"A Hilariously Broken Stealth Game"

As the first entry to the franchise, "Hitman: Codename 47" is really rough around the edges. It's not a particularly good-looking game, with its poor antialiasing and reduced color palette making the game look even more aged than it already is. Its default control scheme is terrible, and adjustment is an absolute necessity in order to properly interact with the game. The dialogue is painstakingly bad and has some blatant racial stereotyping at many points. However, the title starts to form the groundwork for the creative "Hitman" series, despite being unable to properly implement many of its mechanics in this first mess of an entry…

Upon booting up the game, many settings and tweaks to game files need to be made in order to actually get it properly working. Once that mess is figured out, the opening tutorial starts… and man was this thing awful. The default controls were incoherent (resulting in even more tweaking of settings), and the introductory mission was just so broken and misguided. Voice lines would interrupt each other, objectives would fail to trigger properly, and there was no real, well, TUTORIAL. I had to pull up the control schemes multiple times to even get a gauge of how to make Agent 47 function, and by the time the first few levels were presented I was already at a disadvantage due to the sloppy introduction to the game.
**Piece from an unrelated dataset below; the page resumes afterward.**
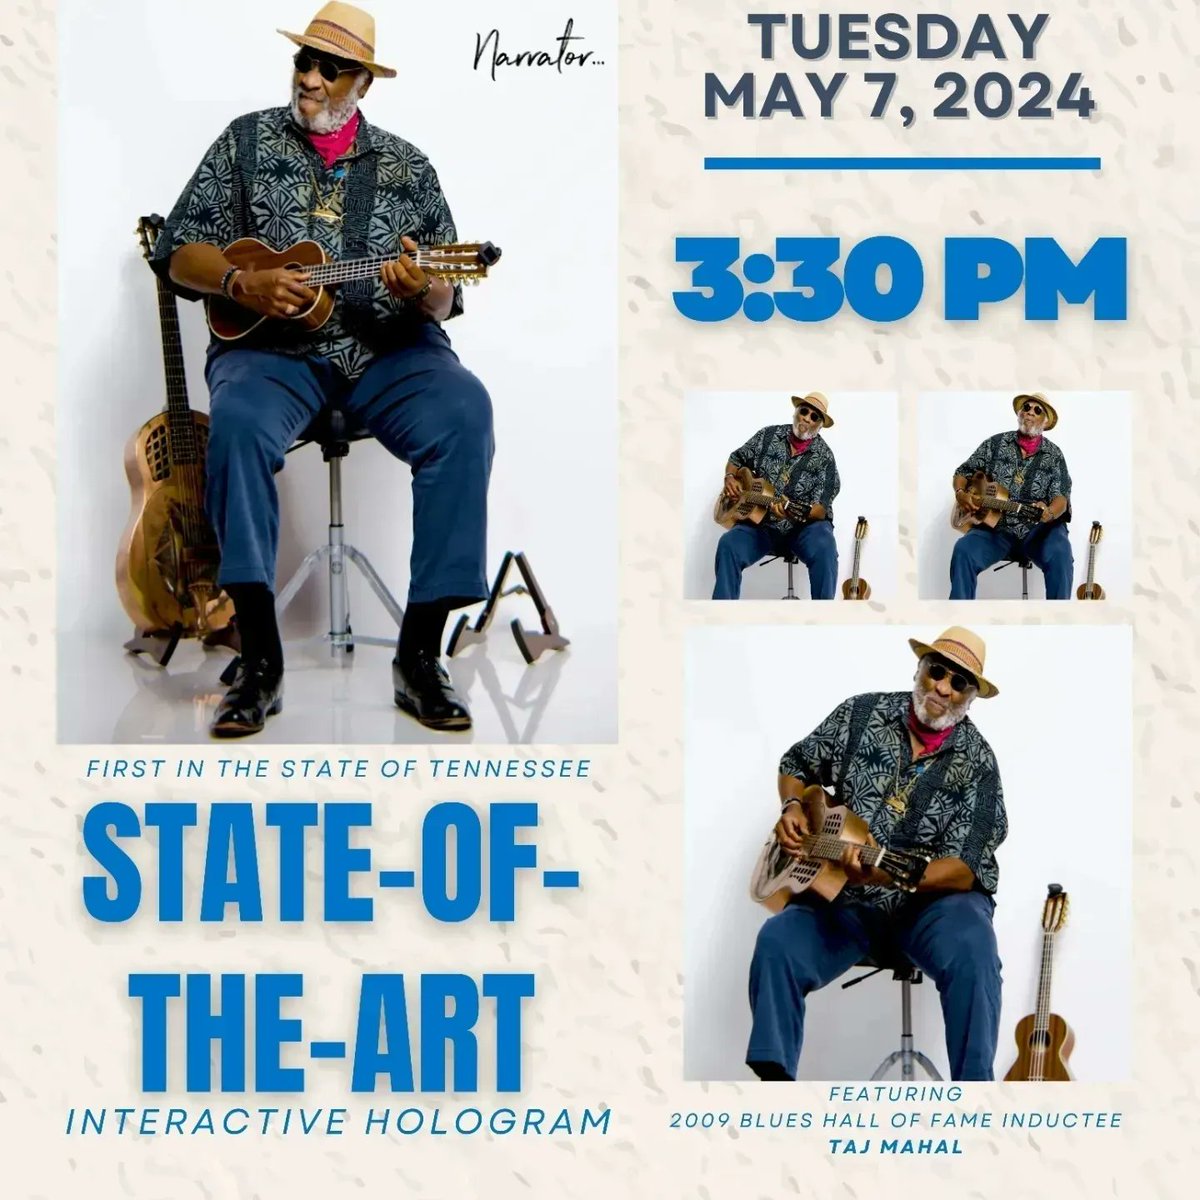 Join Tavis as he hosts the 45th Annual Blues Music Awards in Memphis, Thursday, May 9, 2024! The Blues Foundation preserves blues heritage, celebrates blues recording and performance, expands worldwide awareness of the blues, and ensures the future of this uniquely American art.

The next few missions proceed to just throw you into procedurally larger areas and give you the objective of assassinating a target and occasionally completing side objectives. The first sniper mission is terrible and really doesn’t explain much of the mechanics. The next mission is a bit more interesting in that you have to take out multiple targets, but the real meat of the experience doesn’t happen until the third mission. This is where the first act starts to ramp up, and in doing so the gameplay starts to become more layered than I had originally believed it to be…

The third mission definitely gives some more interesting mechanics to think about. Hiding bodies was already introduced, but disguises and enemy pathing are very important here. The goal is to frame an assassination of the police chief on one of two gangs you are tasked with starting a war between, which is a really cool idea! However, it’s a bit janky though - you basically have to follow a very specific path to victory here, and it feels less like a feeling that there is creativity on the player’s part and more like a simple act of solving a puzzle. Much different from later games, but it is the first time in the game where a challenge is presented.

The fourth mission is where the game really starts to show how the “Hitman” franchise started to find its own identity, but it's also the mission which made me quit the game. You’re thrown into a much larger and more sprawling map than prior missions, but are given very little direction to work off of. There’s a lot of blind exploration, trial-and-error, and luck involved with these tasks, and while it builds up a really cool mission where you must interact with different characters and objectives, it feels super janky as you play more and more of it. The confusing map doesn’t help either, and it feels more like a really well-done experimental demo than a finished level for a game.

By this time a player might notice the poor presentation of the game. The graphical quality is just not very good, and both environments and character models look lesser in quality than one might expect. There’s a lack of smoothing on edges around the world, causing a jaggy look to lots of assets. This game’s budget wasn’t the highest, so there were likely some limitations on what could be accomplished in the visuals department when looking at the relatively unique style of game this one tried to become. The voice acting is also really bad. At times it appears to be really offensively racist, especially for Asian characters. I couldn’t help but laugh at the mixture of bad voice work and cringey dialogue, and it made the experience memorably bad. Not a good look overall, though it might be funny to you if you choose to “experience” it.

While the creativity of the series was starting to show itself, it didn’t mean that the game wasn’t unfun or extremely punishing in difficulty. Stealth is super broken here, and enemies are able to see and hear just about anything. There are no clean angles, and you have to start abusing the AI and weird “stealth mode” in order to clear some guards from certain areas. Then, there are strangely placed objectives (that are randomized each time for some reason!) as well as a weird escort mission with a…well…escort. It’s just a really lame cycle that repeats itself each time you fail, and you see the strings of the game’s AI being pulled left and right. I’m not saying the game has to be “easy” to be a fun stealth game, but the game offers creative kills and then doesn’t allow them to go unnoticed. Really disappointing, and I quit without completing this mission.

Overall, “Hitman: Codename 47” was a very flawed start to the franchise. It had some awful presentation, poor controls, and an unrefined gameplay loop. It contains a bit of the heart and soul of the franchise and where its gameplay would end up going in future installments, but here it was too sloppy to continue playing through. I would Not Recommend trying this one out, especially since a future sequel includes some missions from the first game.